Knot Theory is a lively exposition of the mathematics of knotting, written to illustrate its foundation as well as the remarkable breadth of techniques it employs—combinatorial, algebraic, and geometric. Over the last century, knot theory has progressed from a study based largely on intuition and conjecture into one of the most active areas of today’s mathematical investigation. This book is an accessible presentation of the results of that progress.
The development of knot theory has taken place within the context of the growth of topology: Knot Theory illuminates that context. The classification of surfaces, one of the major achievements in topology, is described and then applied to prove the existence of prime decompositions of knots. The interplay between topology, and algebra, known as algebraic topology, arises early in the book, when tools from linear algebra and basic group theory are introduced to study the properties of knots, including the unknotting number, the braid index, and the bridge number. A supplementary section presents the fundamental group, which is a centerpiece of algebraic topology.
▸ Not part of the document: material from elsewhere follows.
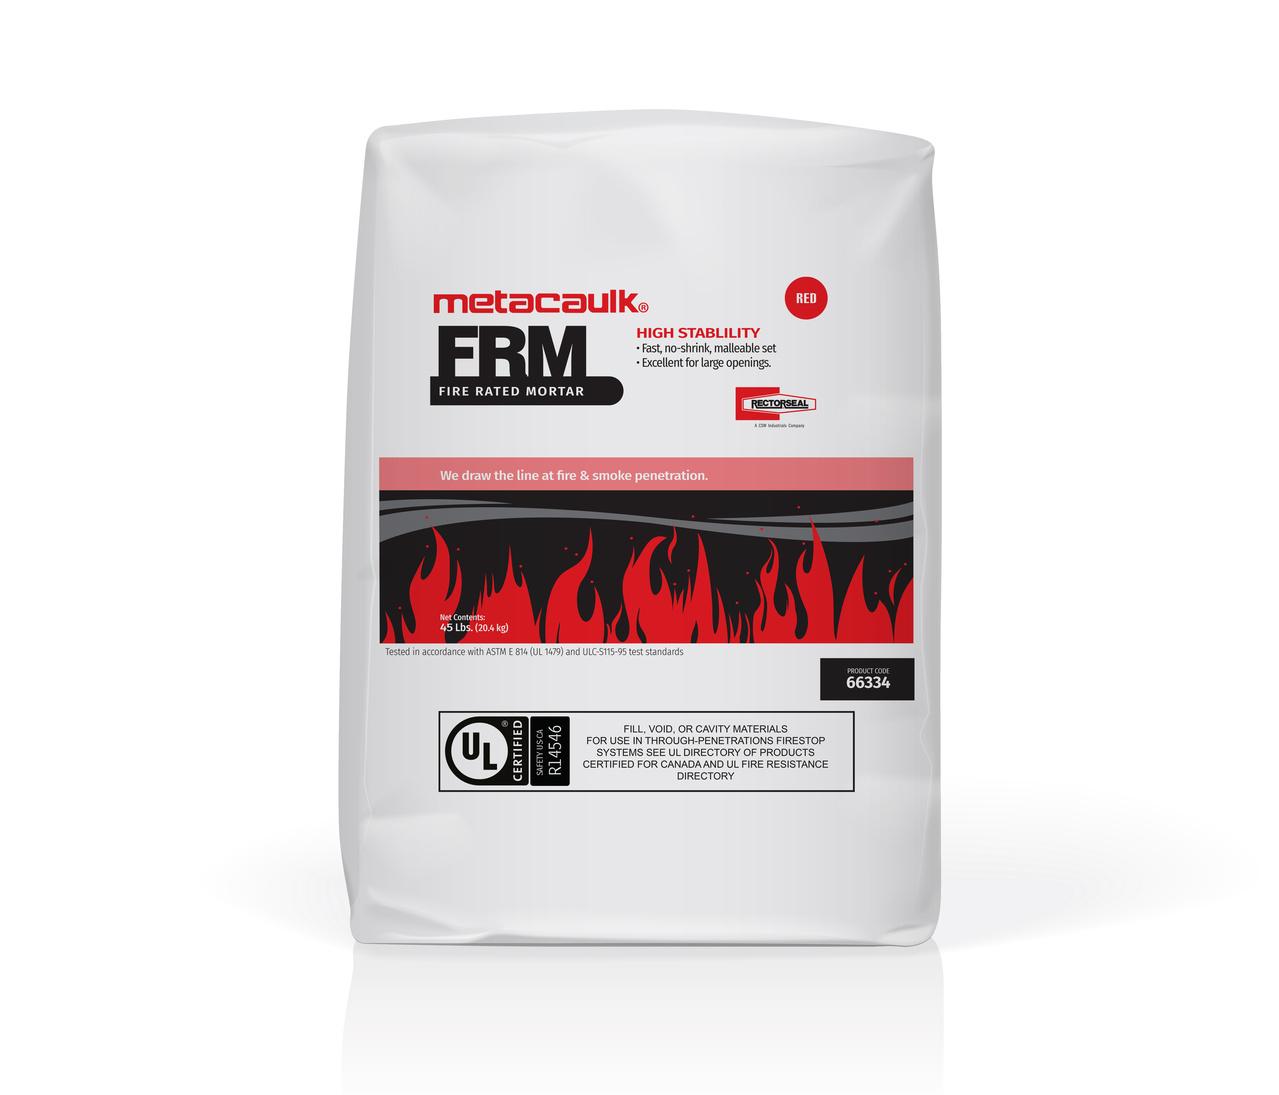 Metacaulk® FRM Fire Rated Mortar

No training beyond linear algebra is required. Livingston guides the reader through a general survey of knot theory and then demonstrates the application of the basic results to sophisticated problems in knotting. Symmetry, one of the most beautiful facets of knot theory, is described in detail. The book closes with a discussion of high-dimensional knot theory and a presentation of some of the recent advances in the subject, the Conway, Jones, and Kauffman polynomials.
Table of Contents
1. A Century of Knot Theory
2. What is a Knot?
3. Combinatorial Techniques
4. Geometric Techniques
5. Algebraic Techniques
6. Geometry, Algebra, and the Alexander Polynomial
7. Numerical Invariants
8. Symmetries of Knots
9. High-Dimensional Knot Theory
10. New Combinatorial Techniques
Appendix 1. Knot Table
Appendix 2. Alexander Polynomials
About the Authors
Charles Livingston did his undergraduate work at MIT, and received his Ph.D. from the University of California, Berkeley in 1980. He was a G. C. Evans Instructor at Rice University for one year before joining the faculty of Indiana University, where he is now a Professor of Mathematics. He served as the Director of Undergraduate Studies at Indiana University from 1987-1989 and continues to be actively involved with the undergraduate program, both in the department and the university. He is a popular lecturer and advisor to graduate students, and served for many years as the advisor to the Graduate Mathematics Club. In 1993, he won the Rothrock Teaching Award which is given annually to the outstanding teacher in the Mathematics Department.
His research has focused on fundamental questions in low-dimensional topology, including work on 3-manifolds, surfaces, and knot theory. Some of his recent work has focused on intriguing connections between knot theory and number theory.